● THE TASK: Return each line of the data below exactly, omitting any pictures.

● DATA SECTION:

Segment Open

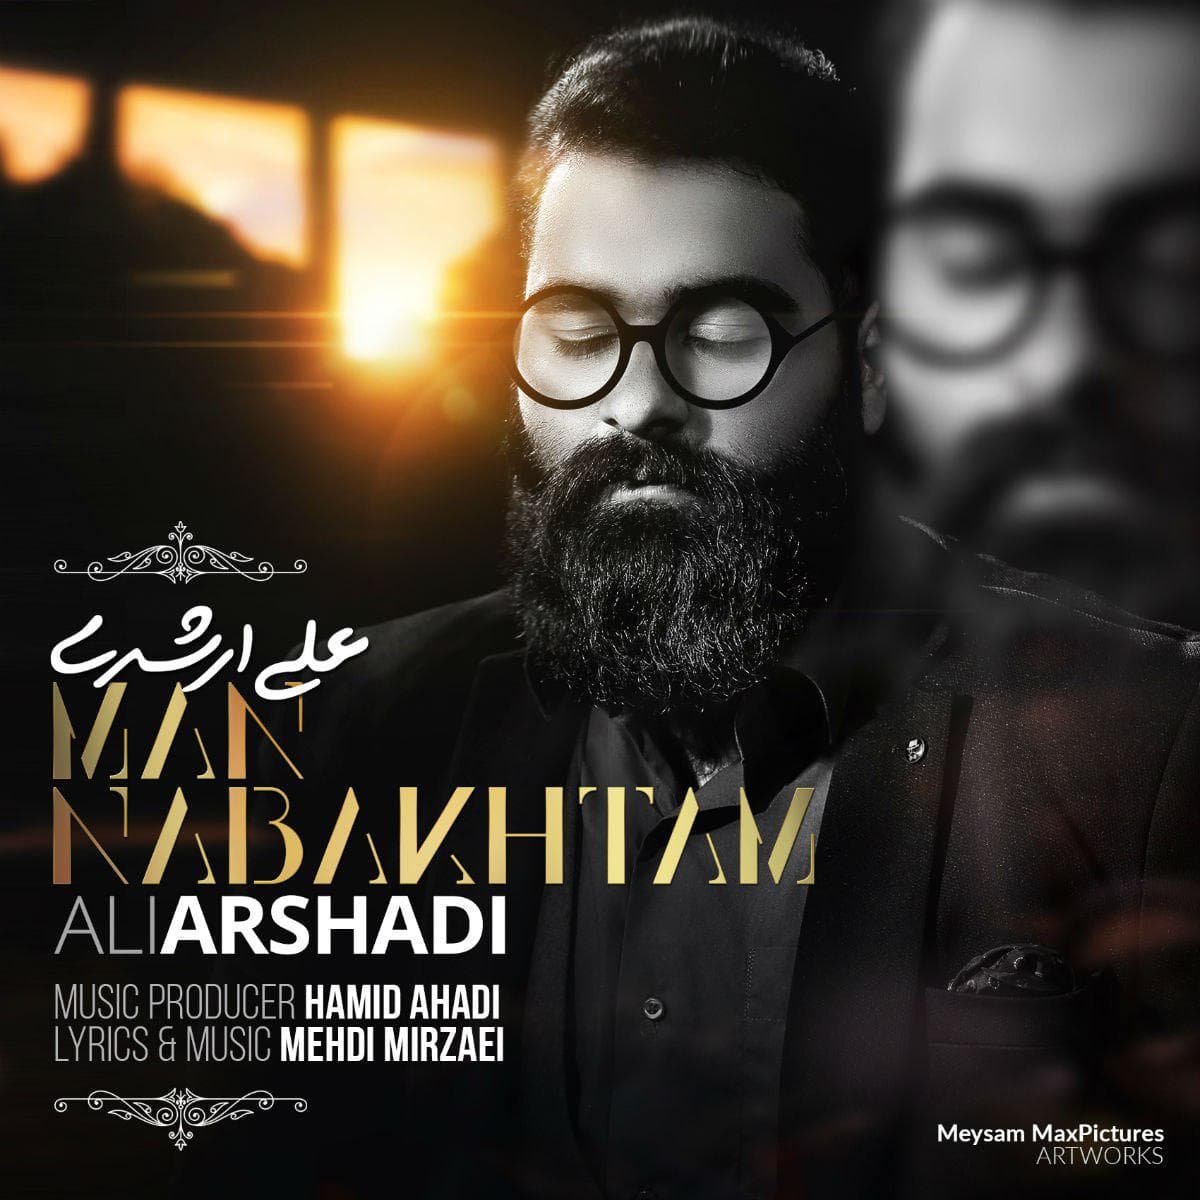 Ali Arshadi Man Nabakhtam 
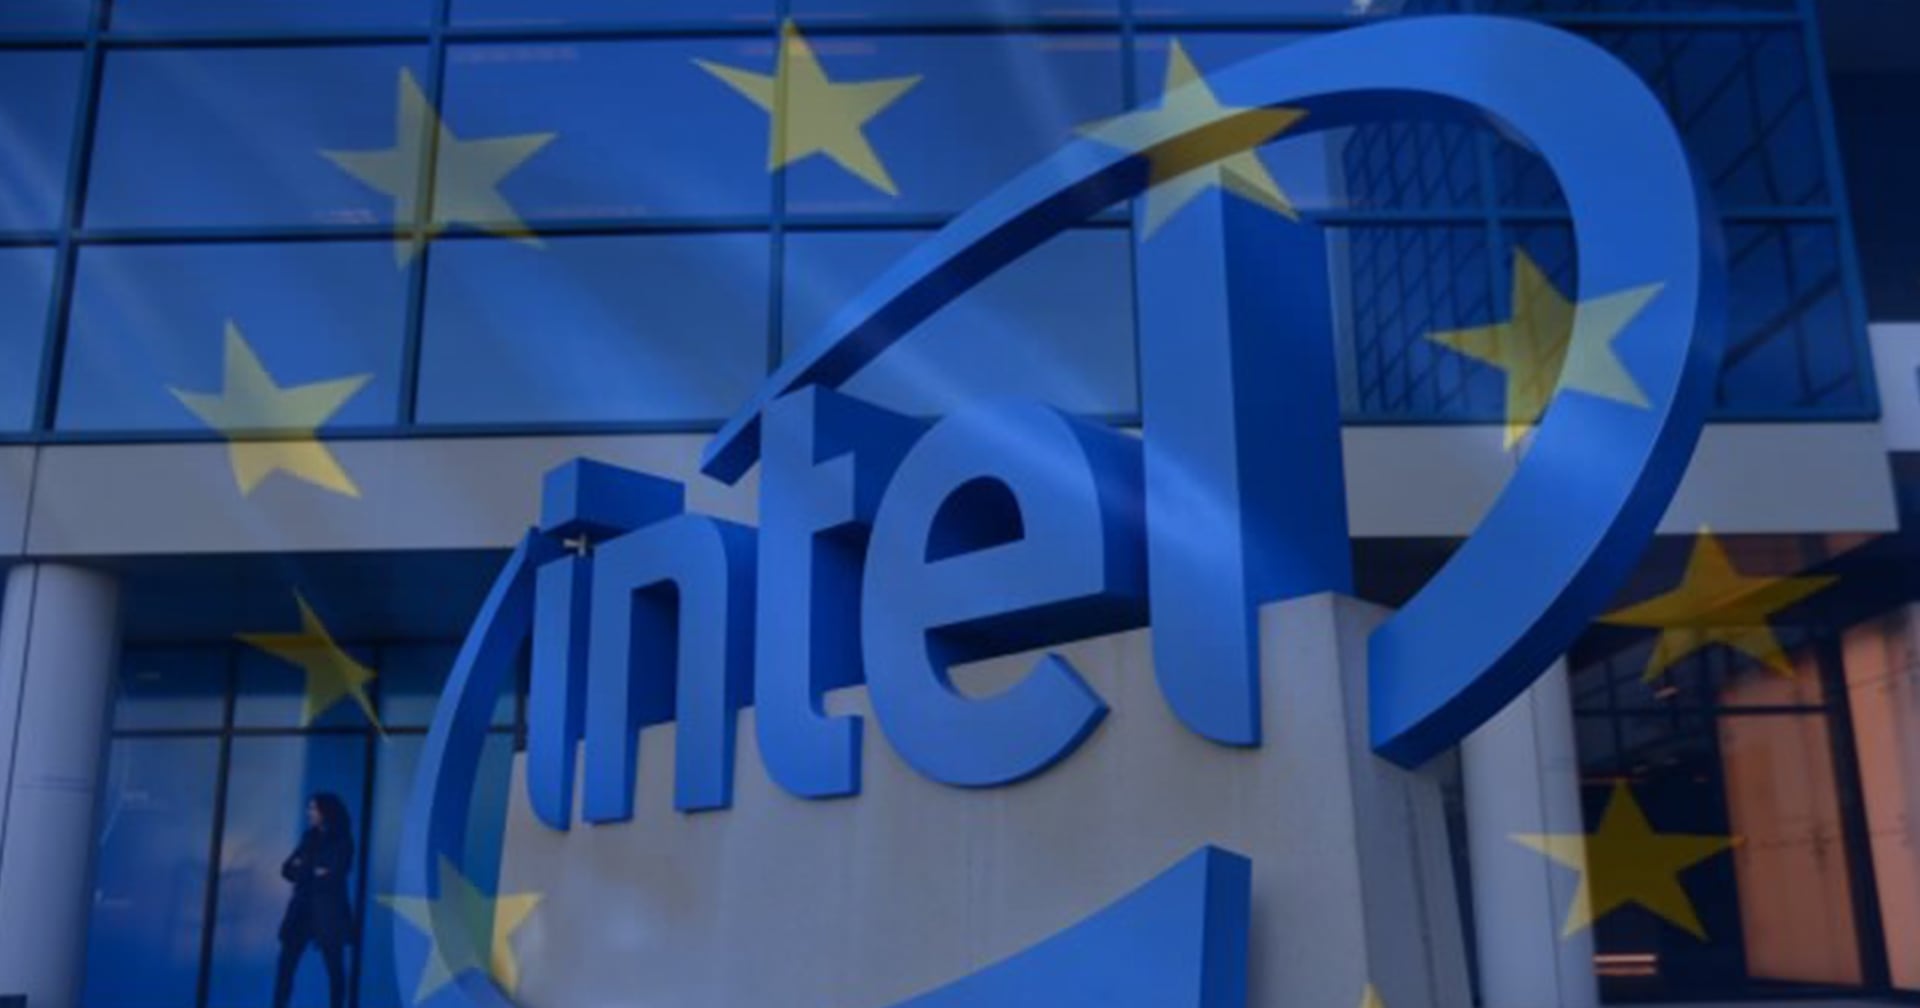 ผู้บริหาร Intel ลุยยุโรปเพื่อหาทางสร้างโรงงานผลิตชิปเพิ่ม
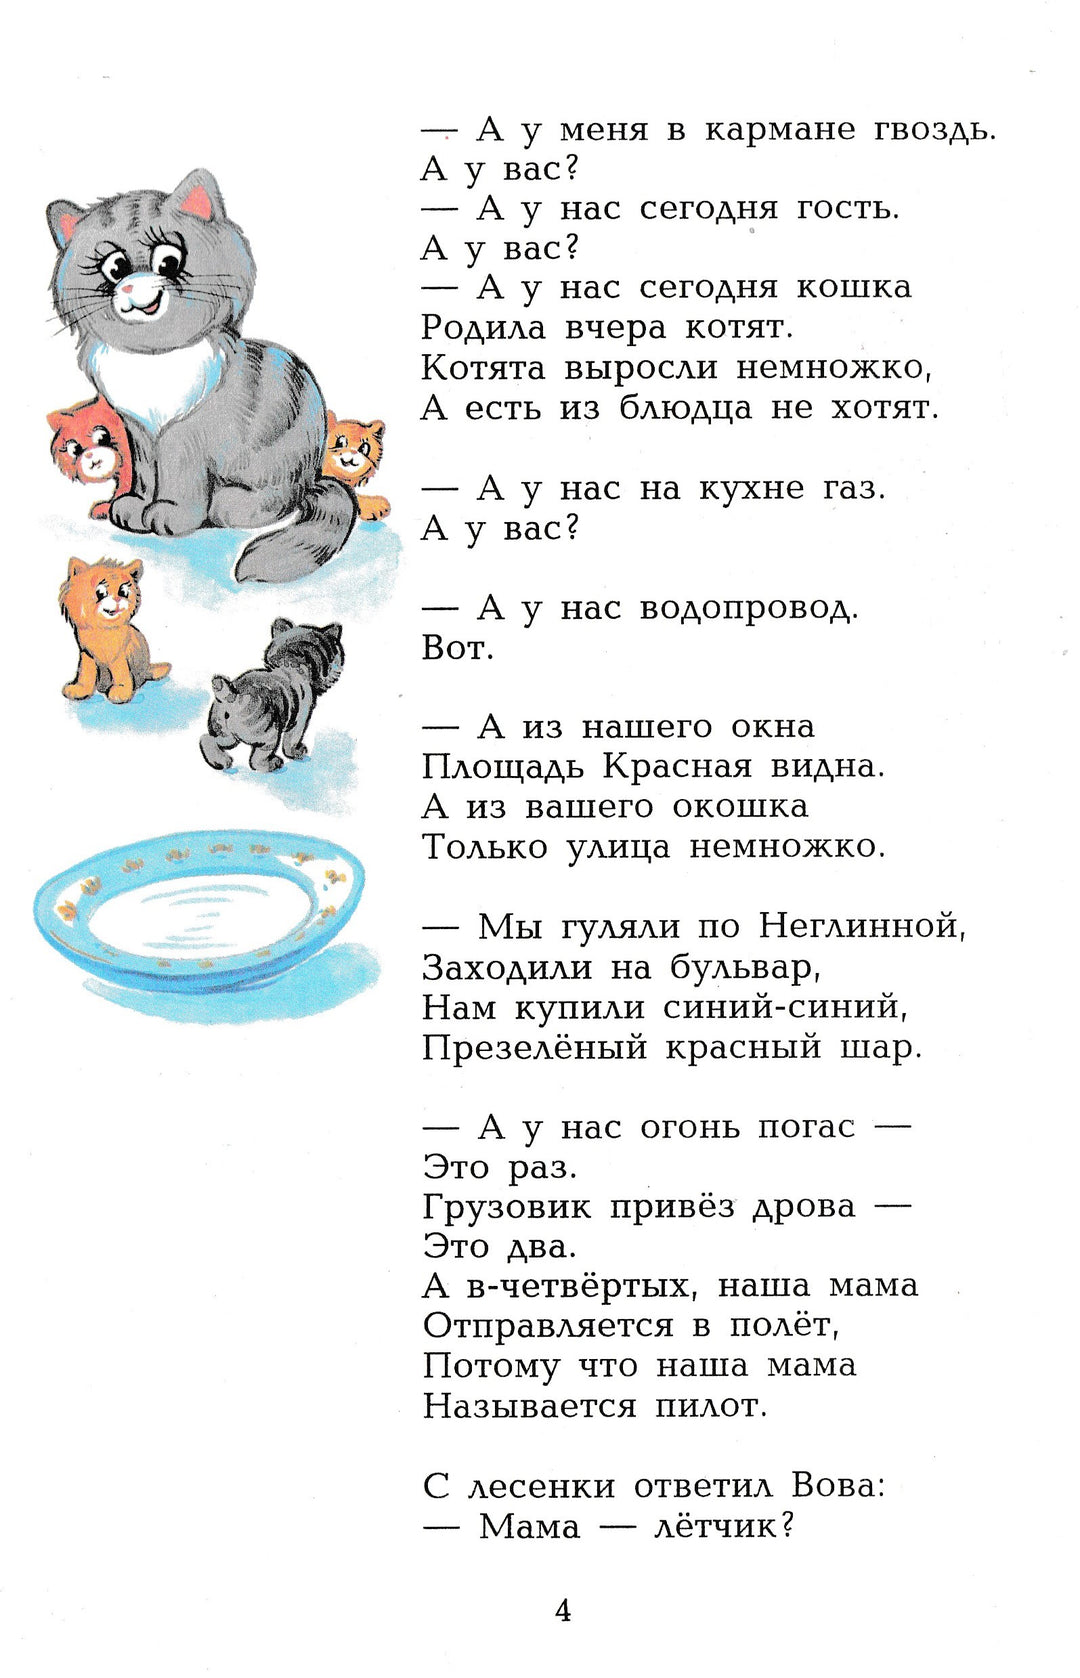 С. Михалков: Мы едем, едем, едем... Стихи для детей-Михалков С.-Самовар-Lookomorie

Segment Closed

● WRITTEN SOLUTION:
 Ali Arshadi Man Nabakhtam 
 ผู้บริหาร Intel ลุยยุโรปเพื่อหาทางสร้างโรงงานผลิตชิปเพิ่ม
 С. Михалков: Мы едем, едем, едем... Стихи для детей-Михалков С.-Самовар-Lookomorie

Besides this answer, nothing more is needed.